As an ensign in the Navy, Leroy Randle Grumman had worked with Albert and Grover Loening on a Navy monoplane contract. Upon resigning his naval commission in 1920, Grumman joined the Loenings as test pilot for their Air Yacht amphibians, and over the next several years, he took over full responsibility for the company's aircraft design.
The Loenings sold out their company in 1929 and backed Grumman in a venture of his own incorporated in 1929 at Farmingdale, New York. With their investment of $30,000 making up almost half of the initial capital, Grumman and five other engineers opened the Grumman Aircraft Engineering Corporation in an abandoned garage in Baldwin, Long Island.

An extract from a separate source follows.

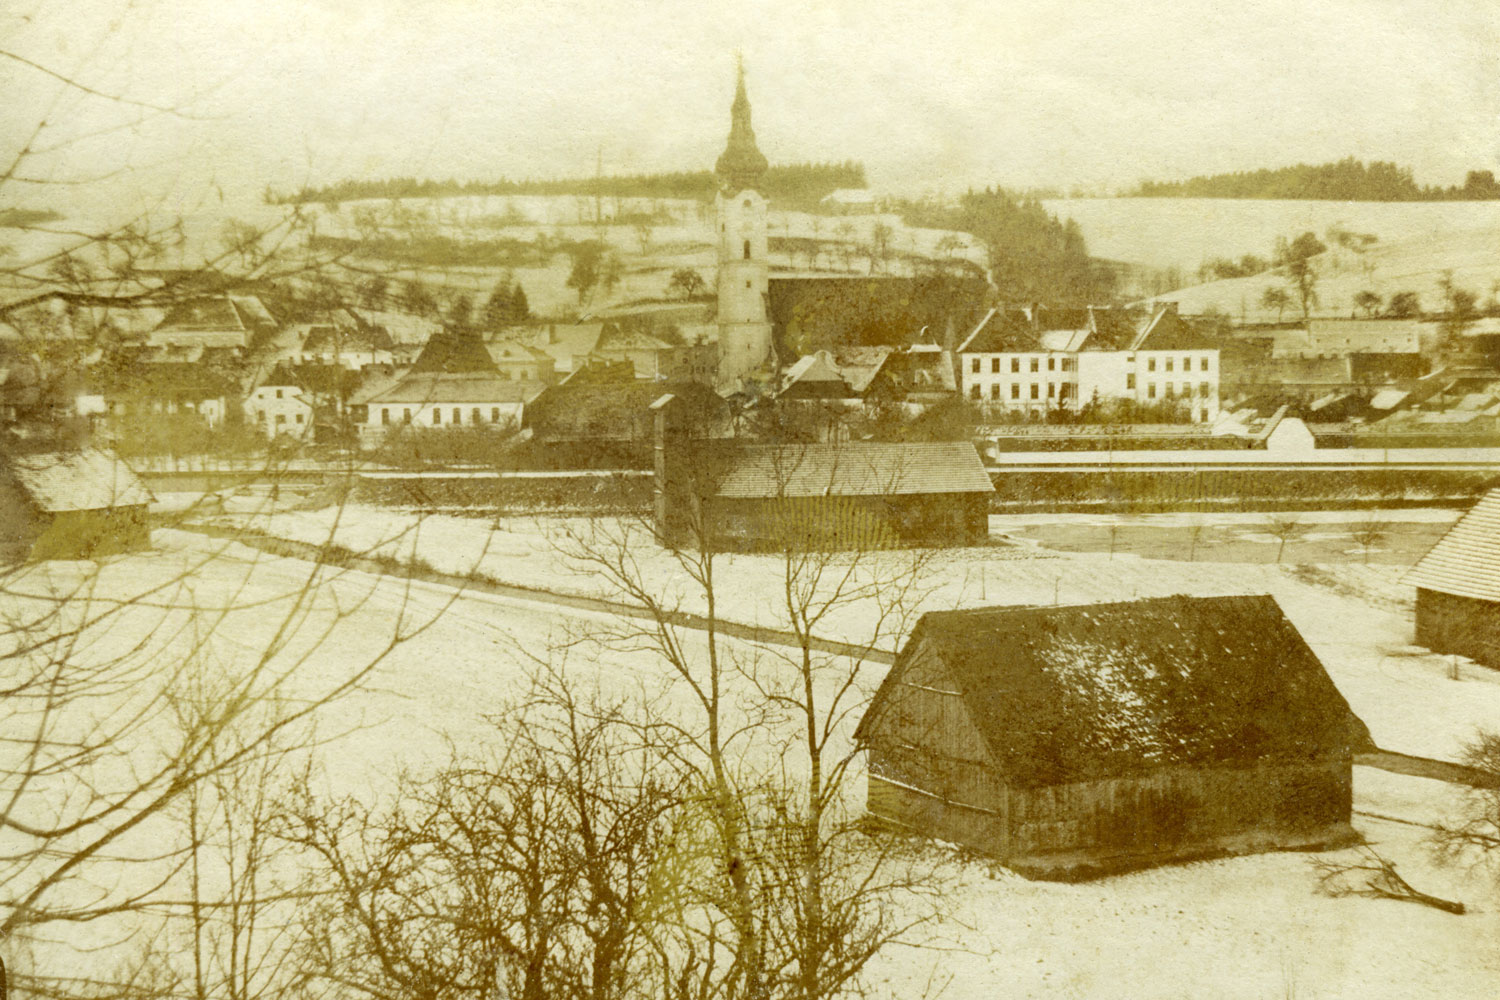 Vor der Stadt gleich Wiesen und Äcker, dazwischen die oft Hochwasser führende Trattnach: Grieskirchen im 19. Jahrhundert

Contractor to U.S. Navy and Coast Guard. Built FF-1 (first flown 1931) and SF-1 two-seat biplane fighters with retractable landing gear, followed by single-seat F2F (first flown October 1933) and F3F (delivered 1936), plus all-metal amphibian as the JF-1 (first flown May 1933), later known as the Duck.
In 1936 Grumman moved to Bethpage, Long Island, NY.
Subsequent production, mainly for the U.S. Navy and Marine Corps, included F4F Wildcat fighter (first Grumman monoplane, first flown September 1937), TBM Avenger torpedo-bomber (first flown August 1941), F6F Hellcat fighter (delivered from 1943), F7F Tigercat twin-engined carrier fighter-bomber (first flown December 1943) and F8F Bearcat fighter (first flown August 1944) during Second World War, plus Widgeon and Goose (delivered from 1939) amphibians.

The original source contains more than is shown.